Let $T$ be a compact operator on an infinite dimensional Hilbert space. Let $|T|=(T^*T)^{0.5}$. By the polar decomposition theorem there is a partial isometry $S$ of the closure of Im$(|T|)$ such that $T=S|T|$. Let $(e_{n})$ be the orthonormal sequence of eigenvectors of $|T|$ with corresponding eigenvalues ${\lambda}_{n}$. Prove that the sequence $(x_{n})$ defined by $x_{n}=Se_{n}$ is orthonormal.

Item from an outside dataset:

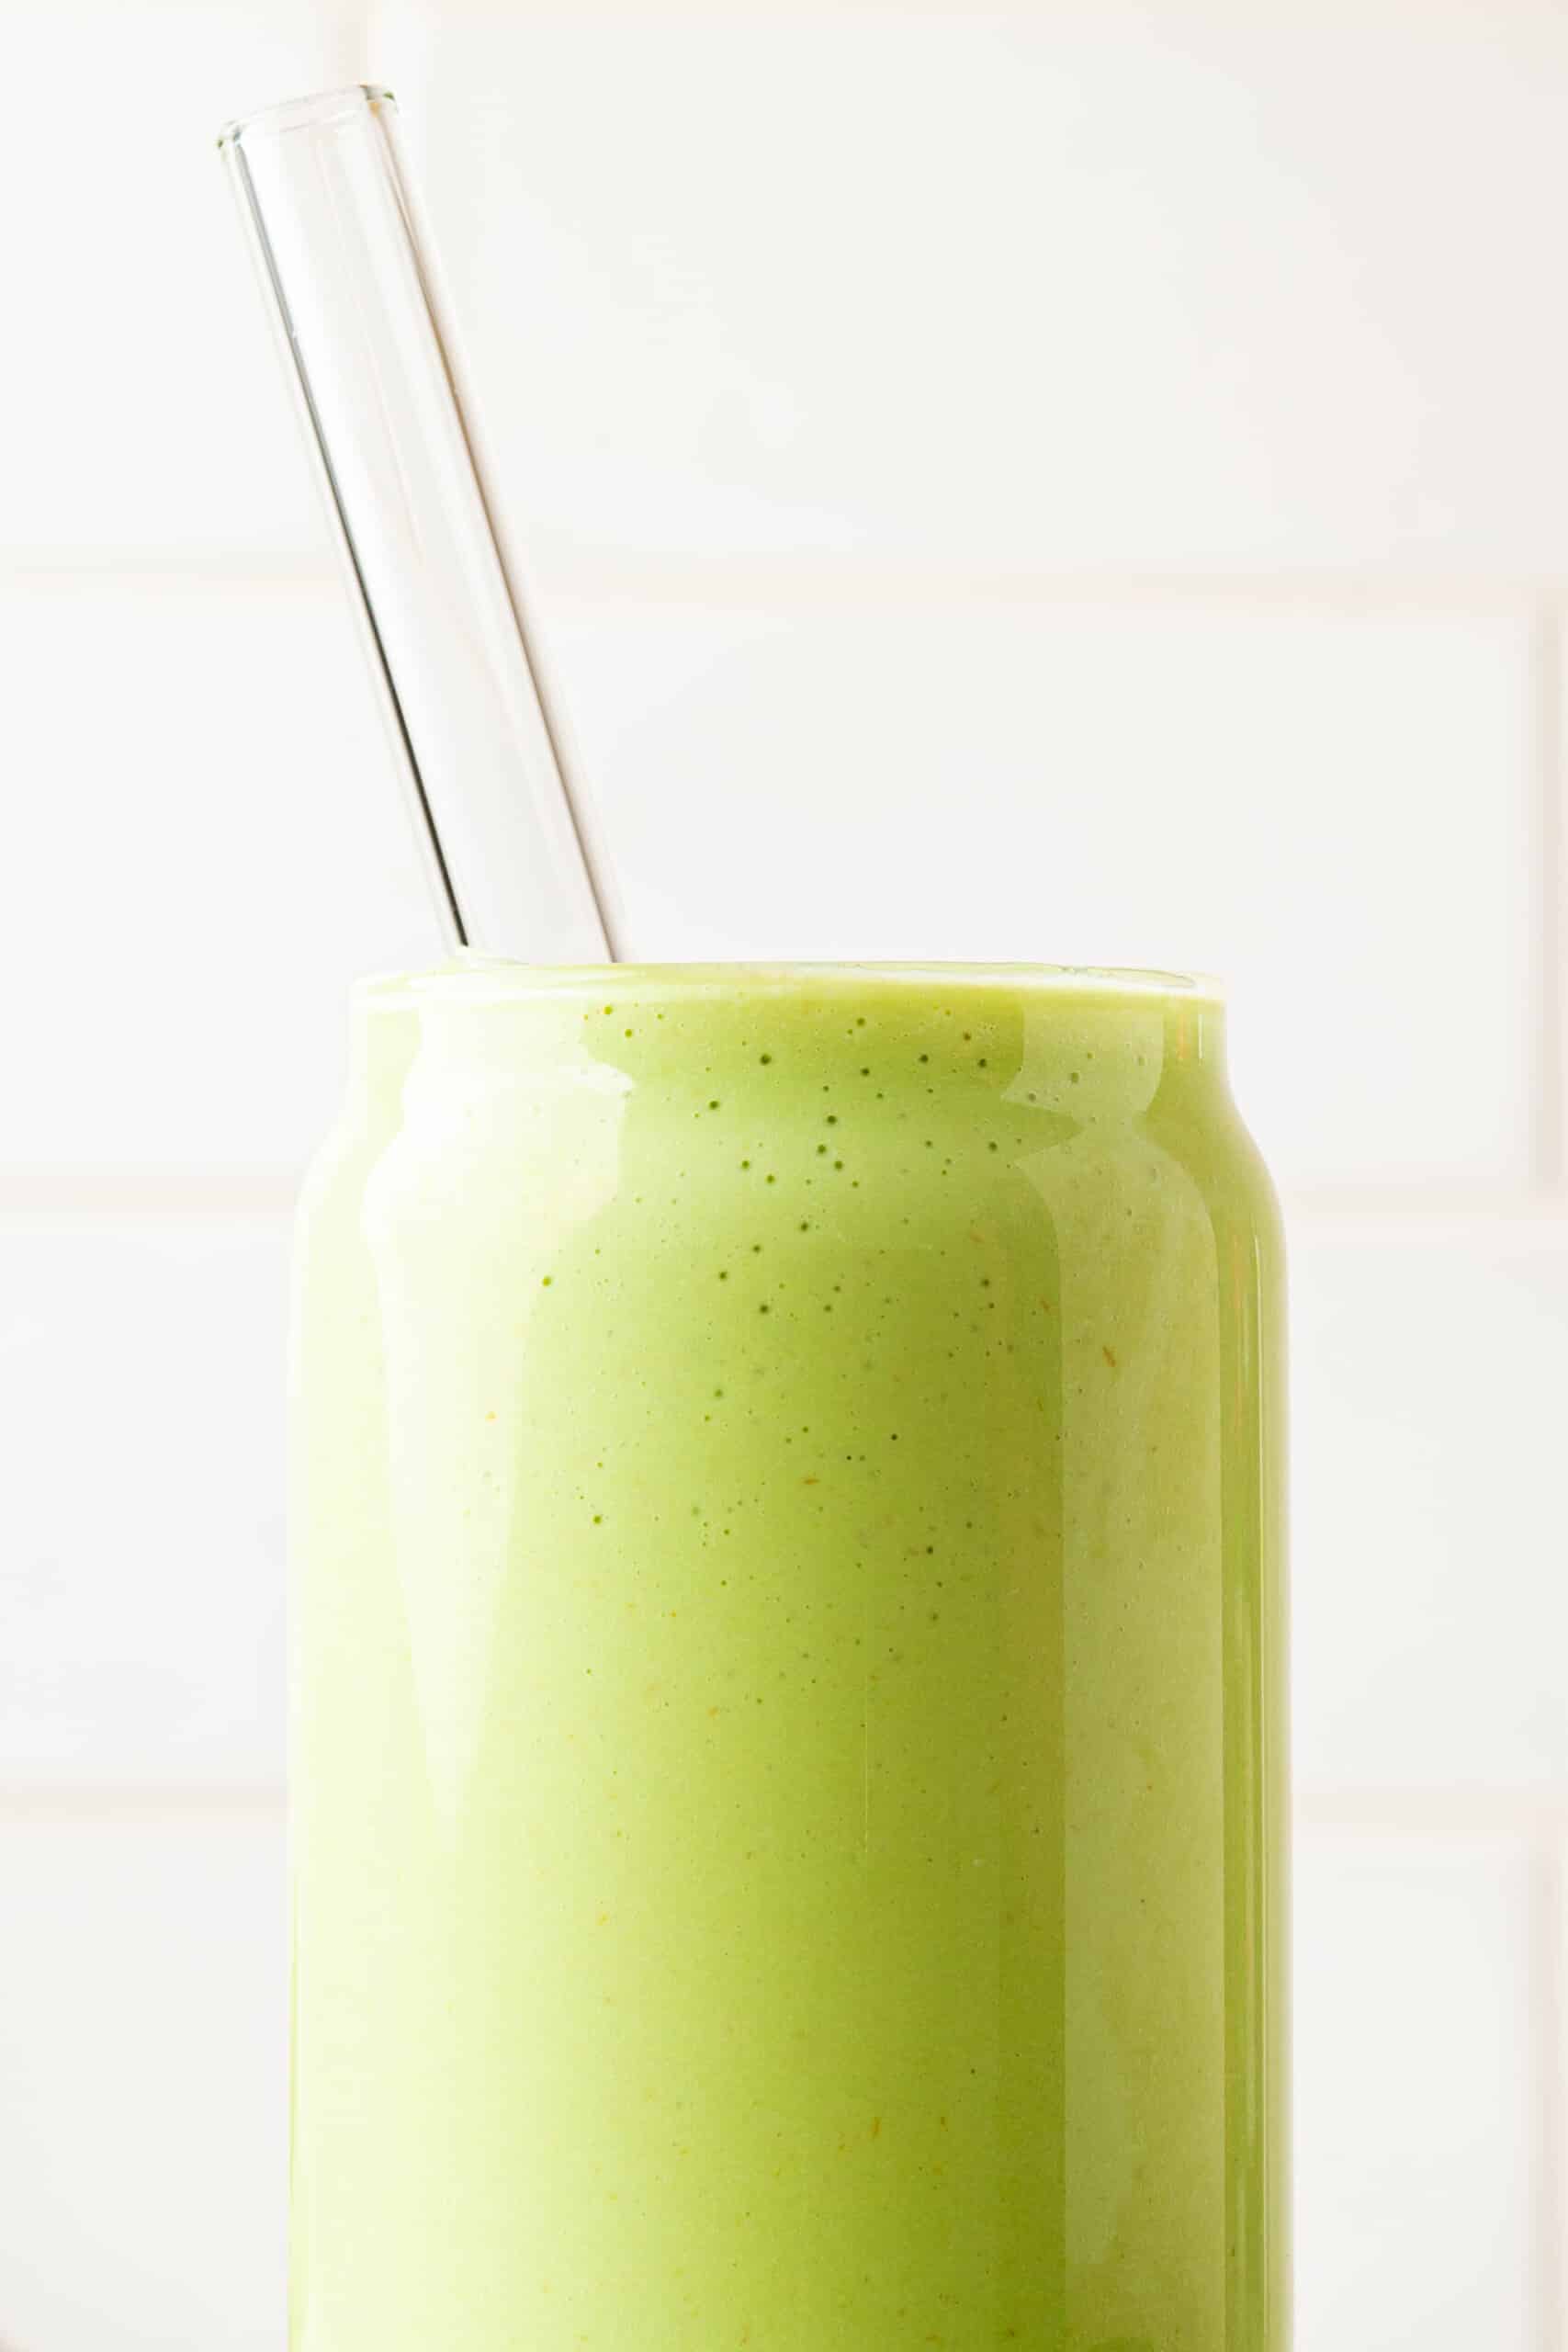 "Avocados in smoothies in a clear glass with a clear straw"

My attempt: If ${\lambda}_{n}$ is non-zero, then $e_{n}$ is in $\mathrm{Im}|T|$ so since $S$ is an isometry on there, $x_{n}$ has norm 1. But if ${\lambda}_{n}$=0, then $e_{n}$ is in the kernel of $|T|$, which is the orthogonal complement of the closure of
$\mathrm{Im}(|T|)$ so $Se_{n}$=0 which would contradict $x_{n}$ having norm 1. So I am missing something here. Also, why would $\langle x_{n},x_{m}\rangle=\langle Se_{n},Se_{m}\rangle=0$ for distinct $n,m$? Thanks
As you said, some of the $x_n$ might be zero: note that all $x_n$ belong to the image of $T^*$, which could perfectly be finite-dimensional.
For your second question, $S^*Se_n=e_n$, as $S^*S$ is the projection onto the image of $|T|$.